Small Business Success Tips - Pricing
By Don Dewsnap
Pricing in a small business is far more art than science. For one thing, small
businesses tend to change much more rapidly than larger businesses. Procedures,
product offerings, and personnel can respond almost overnight to market demands
and opportunities. Therefore the pretty and scientific charts of sales versus
price over various time periods lose their meaning rapidly. Cost analysis becomes
a tool for overall business planning, and relates very little to product pricing.
For another thing, and many small business owners do not understand this, pricing is
the least significant factor in most customer decisions. The most important factor, by
survey, is dependability, and customers will pay for it. Availability is a big part of
dependability. If you can't produce the product or service, don't sell it.
Quality is also more important than price, overall, in buying decisions. Compromising
the quality of a product or service in order to lower its price is a direct route to
losing customers. If a customer buys a cheap hammer somewhere else and the head of the
hammer flies off, he will buy a better, more expensive one next time. So only sell the
better, more expensive ones if you want to keep customers.
One more thing, before presenting the conclusions on how to approach pricing: know who
your competitors are. A small business is not competing with Wal-Mart. It is competing
with other small businesses.
Ignoring niche markets for the moment, most small businesses have a number of
competitors. These usually break into three groups: tiny, just-starting, hungry
businesses; somewhat established businesses with some name recognition and reputation; and
long-established, larger (but still small businesses) leaders in the field. A growing
small business will normally progress through the first two stages, and might or might not
be aiming to join the third, depending on the ambitions of the owner.
Group One markets on price. Group Two markets on dependability and quality.

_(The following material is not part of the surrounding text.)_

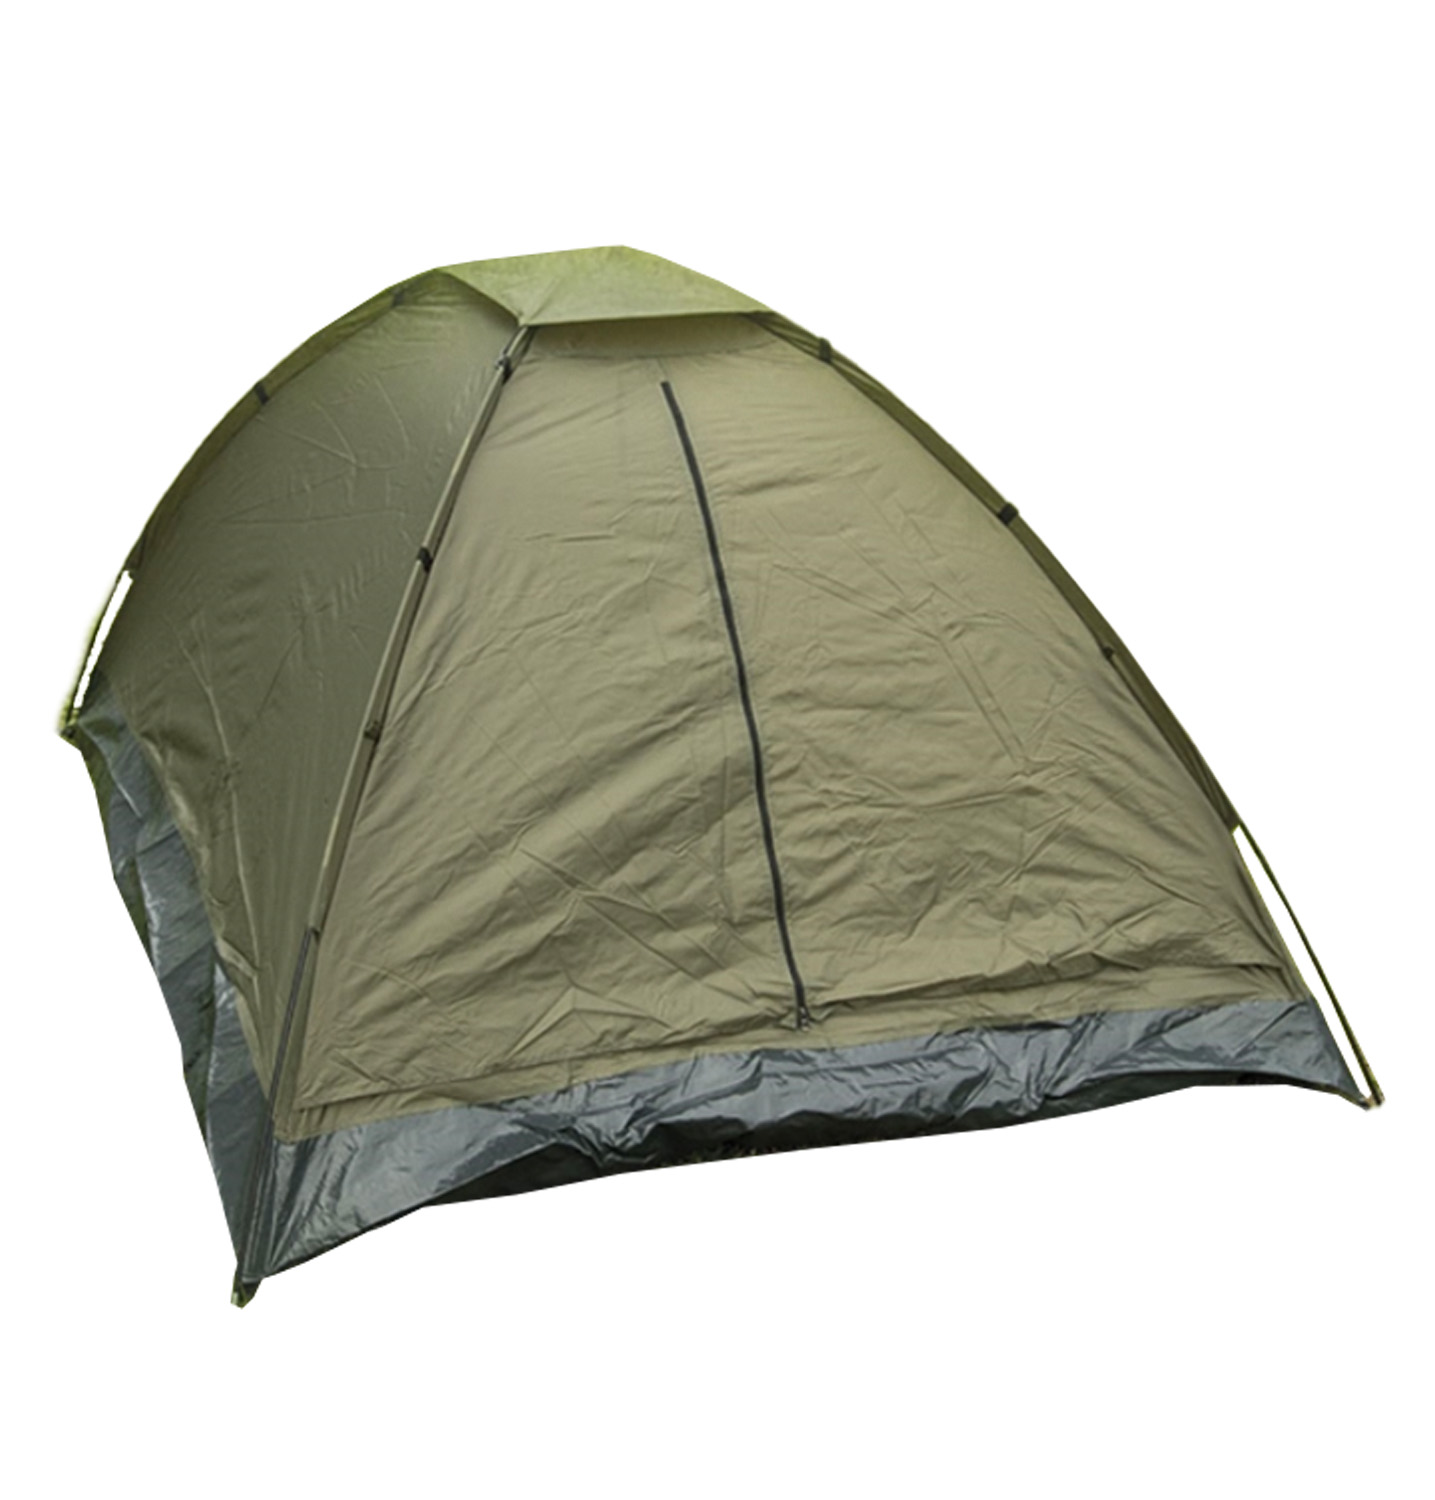 Tente pour deux personnes Igloo standard - 800mm

Group Three
markets on reputation and volume capabilities. The small business owner should be aware of
which group his business is in, and who his competitors are in that group, and what they
are charging for similar products.
So here are the principles of smart pricing for Groups One and Two. Group Three is
distinguished by high pricing, so they are on a "whatever they can convince the customer
to pay" basis anyway.
Group One needs customers fast. They have to generate a cash flow, and that means
investing "sweat equity" into the business, and lower prices and profit margins. This
stage cannot last very long without burning out the owners and workers, so concentrate on
producing products that are every bit as good as Group Two's products, and being just as
dependable. Then, when you increase your prices in six months or so, you will retain many
if not most of your clients. Very important: Be sure to raise your prices when you have a
solid repeat customer base. Keeping your prices at a level that barely sustains your
business will prevent your being able to invest in the resources you will need in order to
enter Group Two.
Group Two's pricing depends entirely on dependability and quality. Assuming you are
constantly improving both, your prices can constantly increase as well. If your dependability
and quality hit a plateau (which doesn't mean they can't improve, because they always can;
it only means you have decided not to improve them), then so should your prices.

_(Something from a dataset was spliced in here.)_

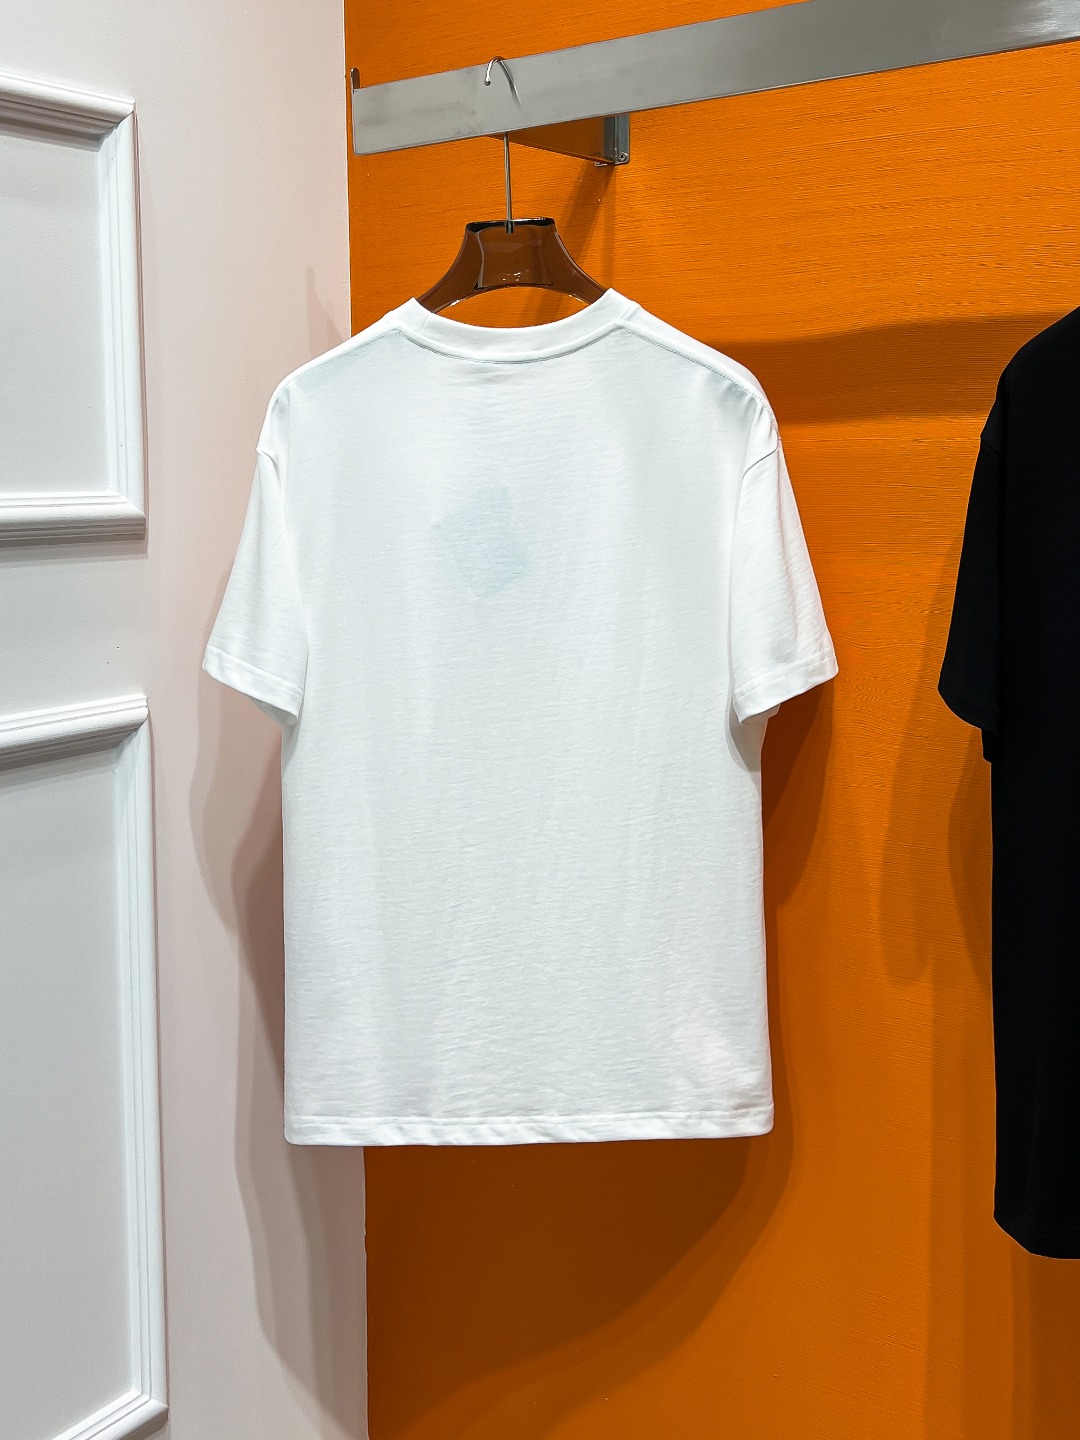 FENDI#24春夏顶级专柜同步短袖T恤3标齐全采用客供进口100%-32支双股新疆棉面料制成专柜原版面

The temptation bedeviling small business owners in Group Two is to underprice their
products and services, so as to gain more business and not lose customers. Giving in to
this temptation will pretty much ensure failure, as you will not be able to build up
capital for further expansion. Your intention should be to dominate Group Two, to be the
big fish in that pond. You want those customers who would prefer to use a Group One
supplier but cannot justify the cost, so they look for the best they can afford.